The 29Metals sell-off showed how markets often treat discounted entitlement offers. Even if the money is needed, the near-term effect is more shares and a lower reference price. 29Metals said it needs funds to respond to seismic disruption impacts and keep growth projects moving, but investors will want proof that production stabilises. Cyprium Metals (ASX:CYM) fell -5.36% despite raising $41 million to restart Nifty. That reaction can happen when traders focus on the extra shares first, then come back later if the restart milestones land on time. Dateline Resources (ASX:DTR) rose 12.00% after a $35 million placement boosted cash, giving it room to drill and progress its feasibility work.

Uranium keeps running on real-world progress

Uranium names were strong again, and this time it wasn’t just sentiment. Paladin Energy (ASX:PDN) climbed 19.80% after reporting higher production at Langer Heinrich and solid sales at a stated realised price. Peninsula Energy (ASX:PEN) gained 16.76% on updates from its Lance ramp-up, including better-than-plan flow rates and pH progress. That matters because it points to more uranium coming out later. DevEx Resources (ASX:DEV) rose 23.68% after a large raise and tenement deals expanded its uranium footprint. Alligator Energy (ASX:AGE) added 13.51% after finishing its pilot plant and selling non-core assets for $7.5 million, which gives it more cash to run a field trial.

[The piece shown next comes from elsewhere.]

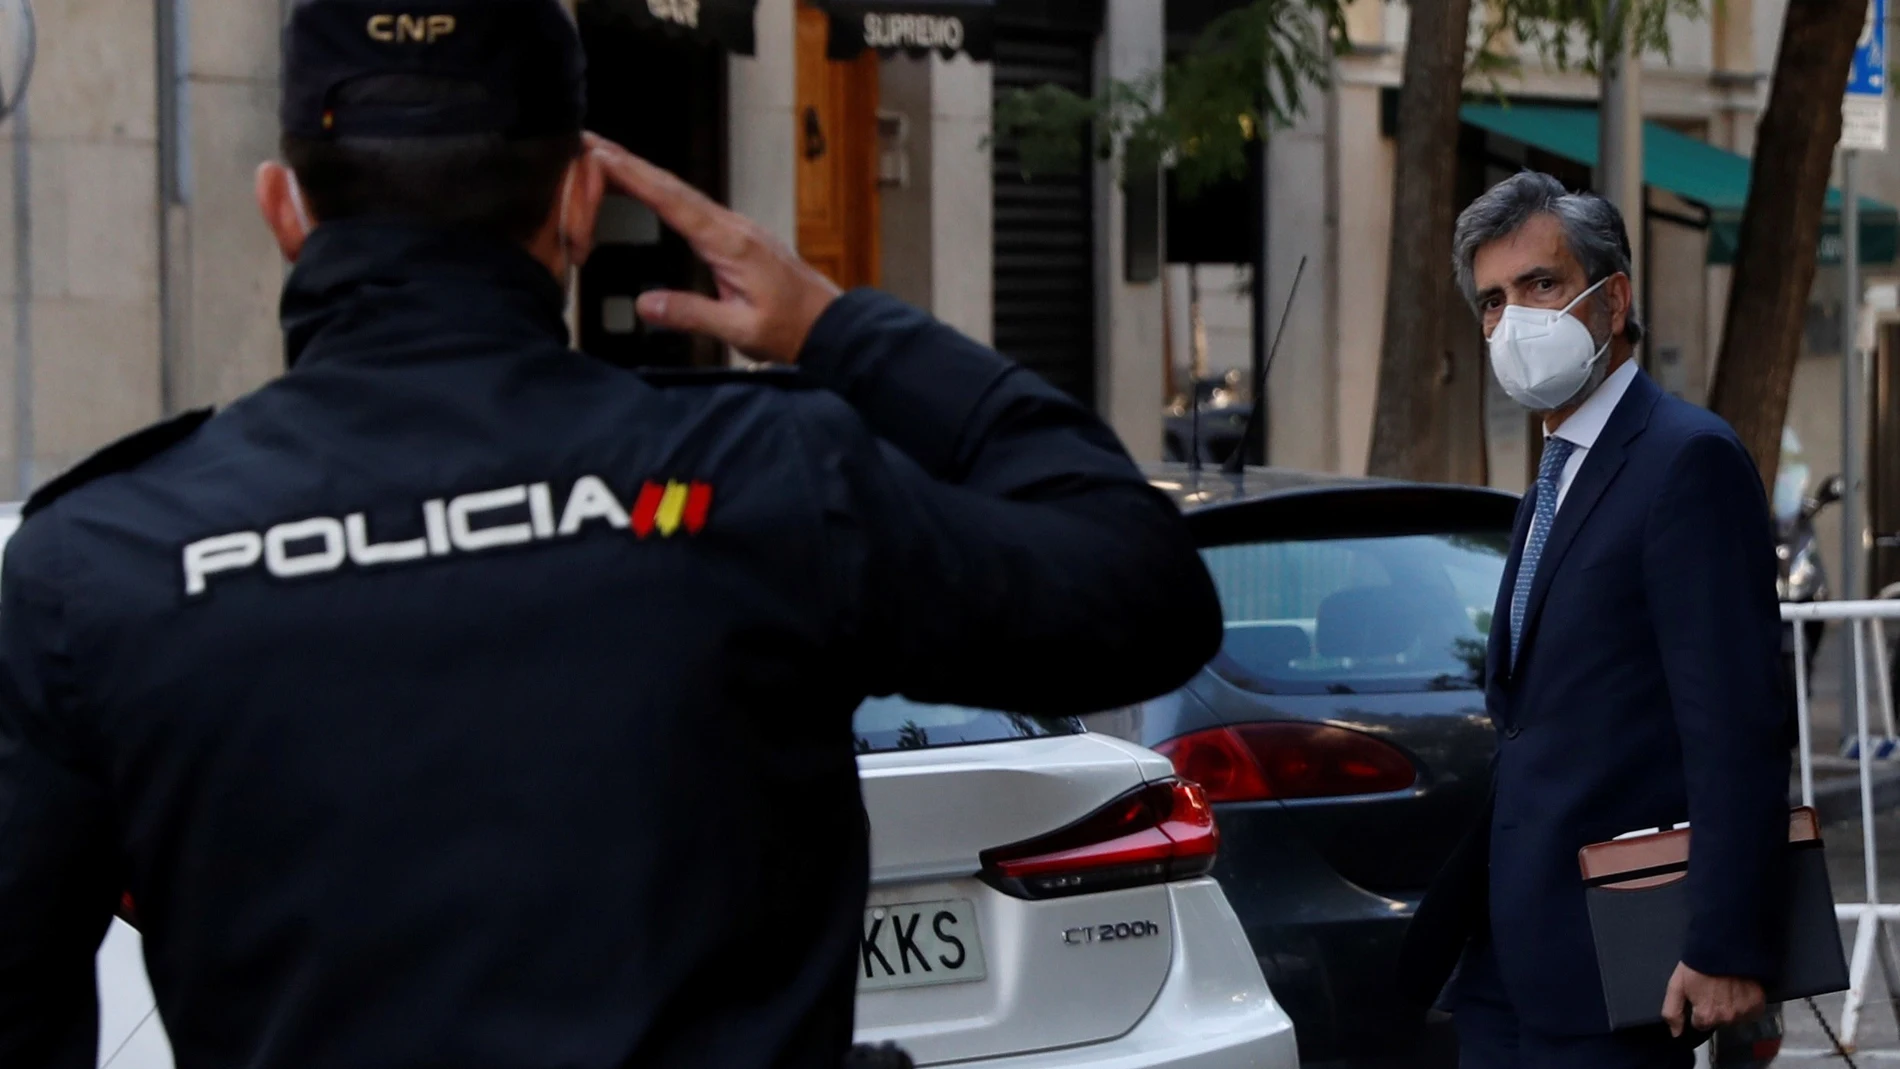 El presidente del Consejo General del Poder Judicial (CGPJ), Carlos Lesmes, a su llegada este miércoles a la sede del CGPJ, institución que afronta una decena de nombramientos, seis de ellos del Tribunal Supremo, en medio de la polémica sobre la ausencia del rey en Barcelona la semana pasada.
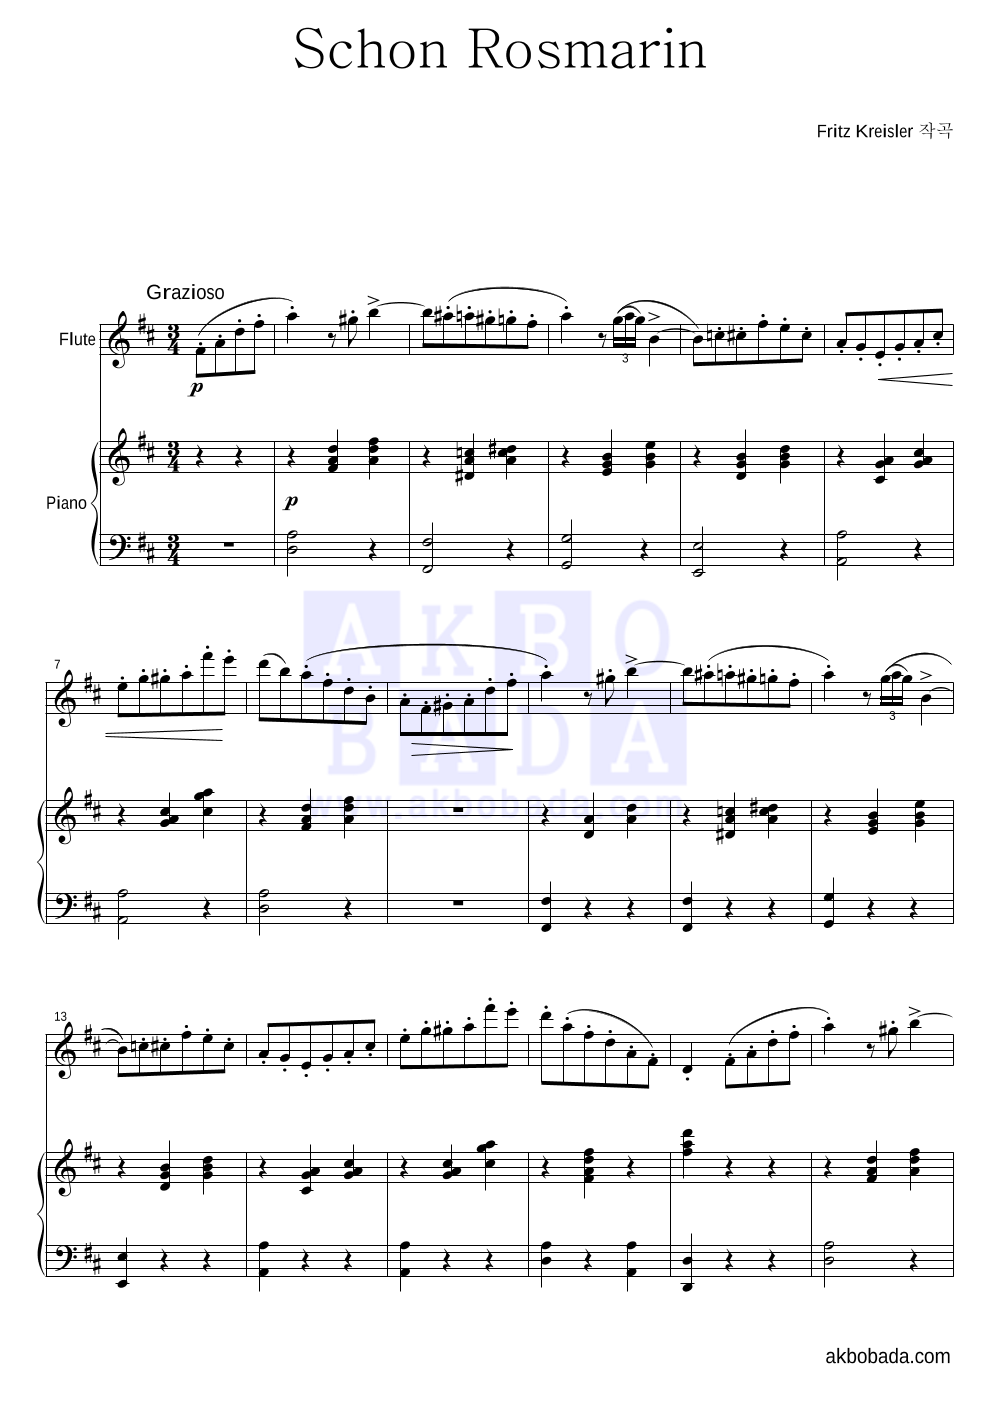 크라이슬러 - Schon Rosmarin (아름다운 로즈마린) 플룻&피아노 악보

Exploration wins still move small caps, but gaps can cut both ways

Several juniors moved sharply on drill hits and new resource statements. Riversgold (ASX:RGL) jumped 63.64% after a $2.15 million raise and shallow gold results. Trading re-opened at a higher price and buyers kept pushing, which suggests the new level attracted fresh money rather than quick sellers. On the flip side, when a stock re-opens lower and then fails to bounce, it can feel like an “air pocket” for holders. Green & Gold Minerals (ASX:GG1) fell -9.52% despite strong drill grades, which points to selling pressure that outweighed the news. West Wits Mining (ASX:WWI) dropped -12.09% even after confirming funding for Qala Shallows; early selling partly eased, but it still finished lower. Large caps were steadier, with Rio Tinto (ASX:RIO) up 0.32% after strong 2025 production, while BHP (ASX:BHP) slipped -1.14% despite lifting copper guidance. Those moves looked more like normal portfolio rotation than a verdict on operations.

Bottom Line?

Next week’s focus is likely to stay on hard dates and deliverables: whether the ASM bid advances through approvals, whether uranium ramp-ups keep meeting their stated targets, and whether recently funded restarts (like Nifty) hit commissioning steps without further cost surprises.

Questions in the middle?

  • Will Energy Fuels’ proposed acquisition of ASM progress cleanly through approvals, and what happens if a rival bidder appears?
  • Can uranium producers translate ramp-up updates into consistent quarterly production, or do processing bottlenecks return?
  • After discounted raisings, which companies deliver the first on-the-ground milestones that convince buyers the dilution was worth it?